MENTAL story anyway at like 1am today we were talking about eyebrows and i was like "i hate my eyebrow" (i have a monobrow) and my friends said "shave it off" and i tried shaving off the unibrow part in the middle to separate them but it didnt work so i was like "lol if it wont shave that off then i could probably try shaving my eyebrow off and it wont work" and it worked... like I shaved off half of my left brow and a tiny bit on the top so it's really thin... i tried to make it symmetrical by shaving my right but it's just short and thick... BUT I DO HAVE 2 EYEBROWS bc i didnt shave my right one properly so there's a lil tuft of eyebrow hair to the right separate from my eyebrow but i dont want to shave it bc i'll **** up again... hel?


----------



## Dinosaurz (Nov 16, 2015)

*slow clap*


----------



## Shimmer (Nov 16, 2015)

You should go to a professional hairdresser or beauty salon and get them to wax/pluck your eyebrows for you. Never ever attempt it yourself if you have no idea what you're doing. But go and see if they can fix it for you. 

If not, you'll have to try to colour in/draw on your eyebrows until the hair grows back. Since you only shaved it and didn't wax it, it should grow back in a week or so.


----------



## Alienfish (Nov 16, 2015)

How do you even do that o_o


----------



## visibleghost (Nov 16, 2015)

well
i mean
that's unfortunate


----------



## Stalfos (Nov 16, 2015)

Hey, maybe noone will notice?


----------



## Cou (Nov 16, 2015)

like shimmer said, i rec you go to a professional and chances are they can actually help you fix that, at least to even your brows out. and if anything, you can then just fill them in.


----------



## Javocado (Nov 16, 2015)

Eyebrows Brewster's from time to time and this is wild


----------



## Tao (Nov 16, 2015)

Saw the line "MENTAL story".


Disappointed that the story didn't involve cow tipping, losing a friend in a strange country or waking up in bed with a traffic cone.


----------



## tae (Nov 16, 2015)

and the darwin award goes to.....


----------



## Llust (Nov 16, 2015)

lesson learned. never do your eyebrows if you're not a pro..the most you should really do is just pluck away extra/stranded hair. never mess with the shape of it


----------



## Crash (Nov 16, 2015)

how is one supposed to respond to this

//seriously though never shave your eyebrows bad things always happen​


----------



## MozzarellaSticks (Nov 16, 2015)

http://www.nu-brow.com


----------



## oath2order (Nov 16, 2015)

Javocado said:


> Eyebrows Brewster's from time to time and this is wild



JAVOCADO YOU NEED TO STOP.

just draw the new one


----------



## riummi (Nov 16, 2015)

you can just draw it in until it grows back?


----------



## inkling (Nov 16, 2015)

this is hilarious but you know what dont worry I do stupid stuff all the time so just watch tv and calm down


----------



## King Dorado (Nov 16, 2015)

just tell people you got drunk and passed out at your fraternity house and your friends pranked you.  

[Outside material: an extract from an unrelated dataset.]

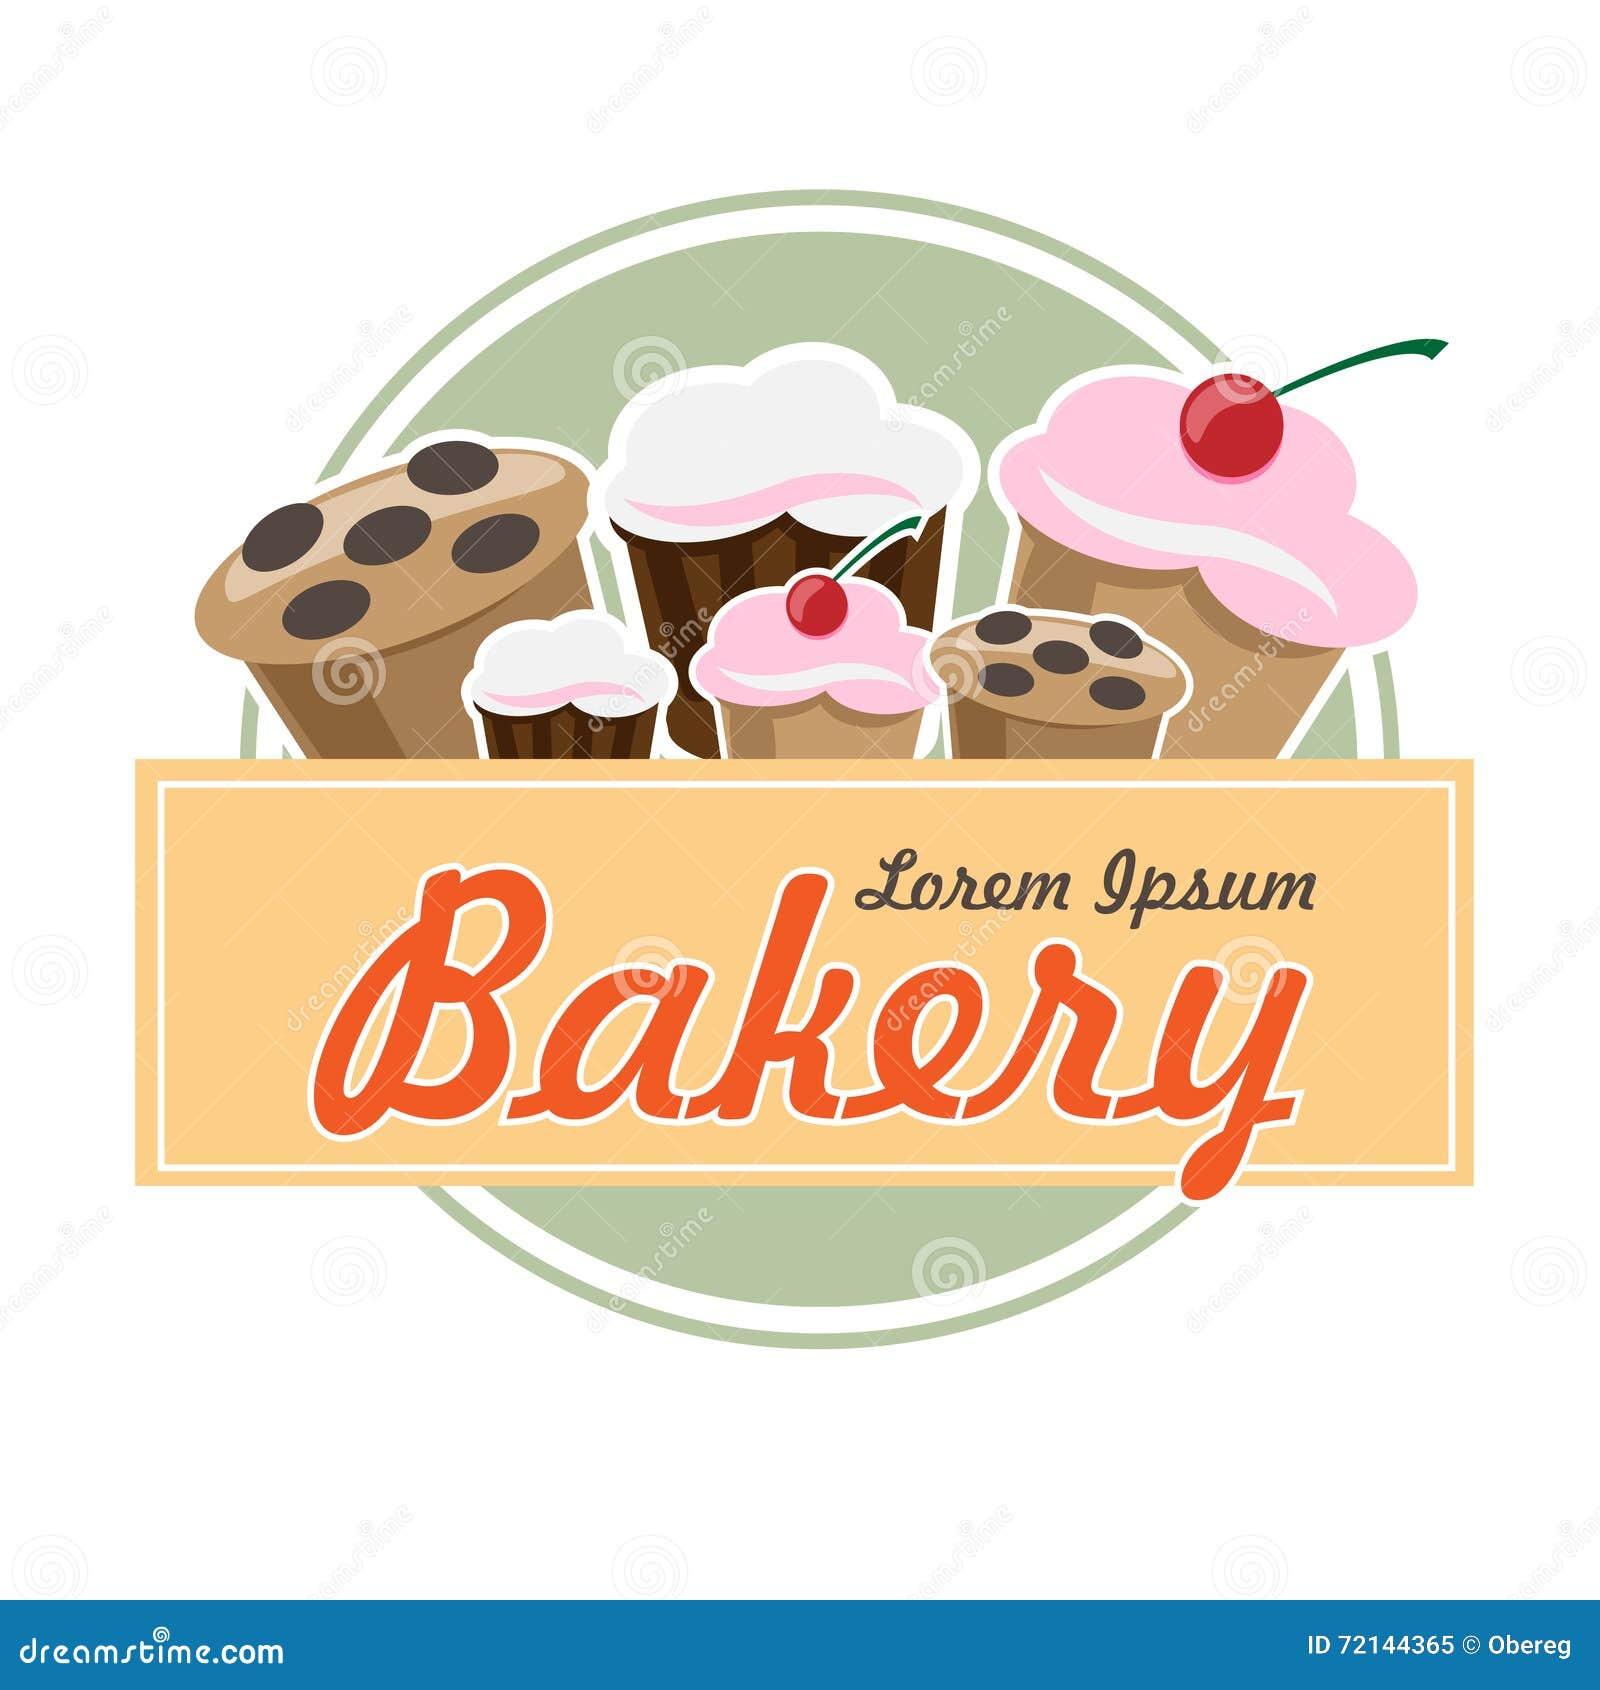 bake shop business plan philippines logo
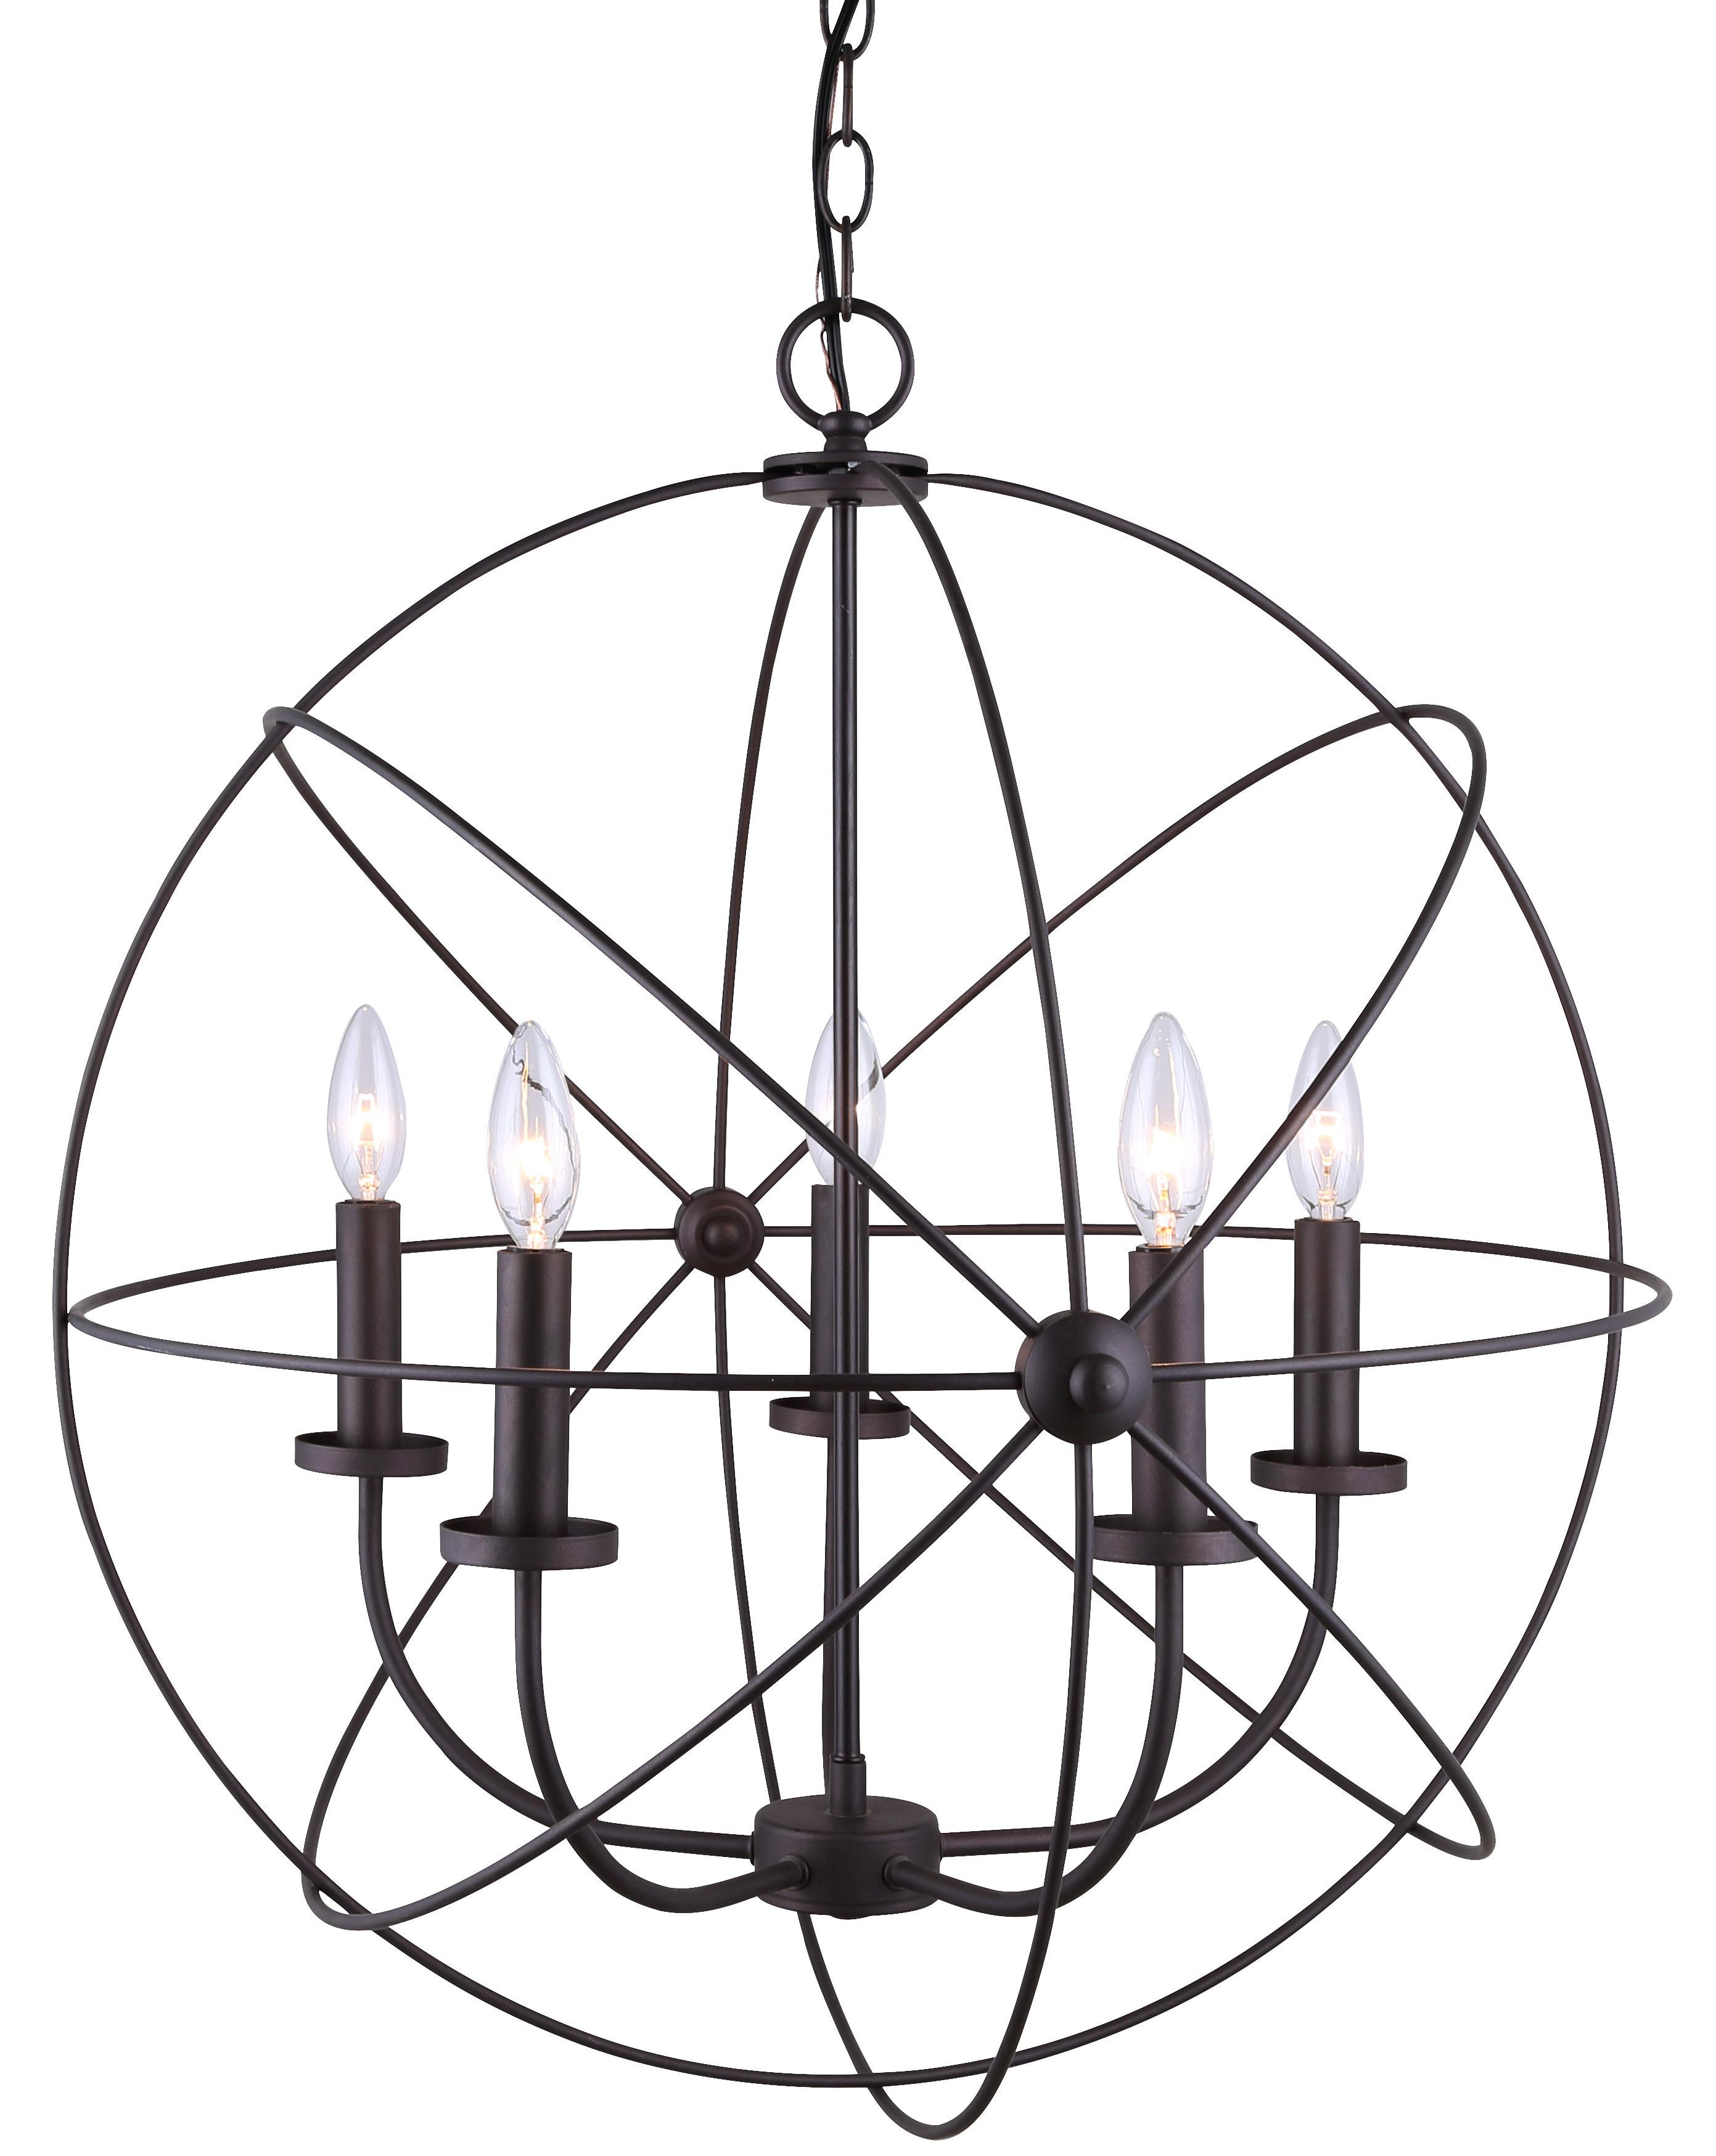 Waldron 5 Light Globe Chandelier Throughout 2020 Waldron 5 Light Globe Chandeliers (View 11 of 20)

or better yet, change your hair to a mohawk- nobody will notice your eyebrows then...


----------



## kayleee (Nov 16, 2015)

Listen you had a unibrow before whatever carnage you've done on your eyebrows is an improvement


----------



## wassop (Nov 16, 2015)

shave off both and make it look like it was intentional



no but seriously just fill it in and it'll grow back in 2 weeks - 6 weeks
if it really bothers you you can cut your hair into long bangs to cover it but it'll grow back out soon soooo yeah



next time just pluck them though hahaha


----------



## radioloves (Nov 17, 2015)

Wait, why not get your eyebrows waxed and perfected? it will certainly not grow back looking thicker like how shaving does. Try waxing, it won't do you any harm just a little pinch and you got wonderful brows x3


----------



## Zandy (Nov 17, 2015)

Get one of those fake moustaches and glue it to the bald spot on your eyebrow.


----------



## CuriousCharli (Nov 17, 2015)

I did this oncee and di shavedd them half way lol you could see the stubble where it was. Lets just hope you have bangs to hide it.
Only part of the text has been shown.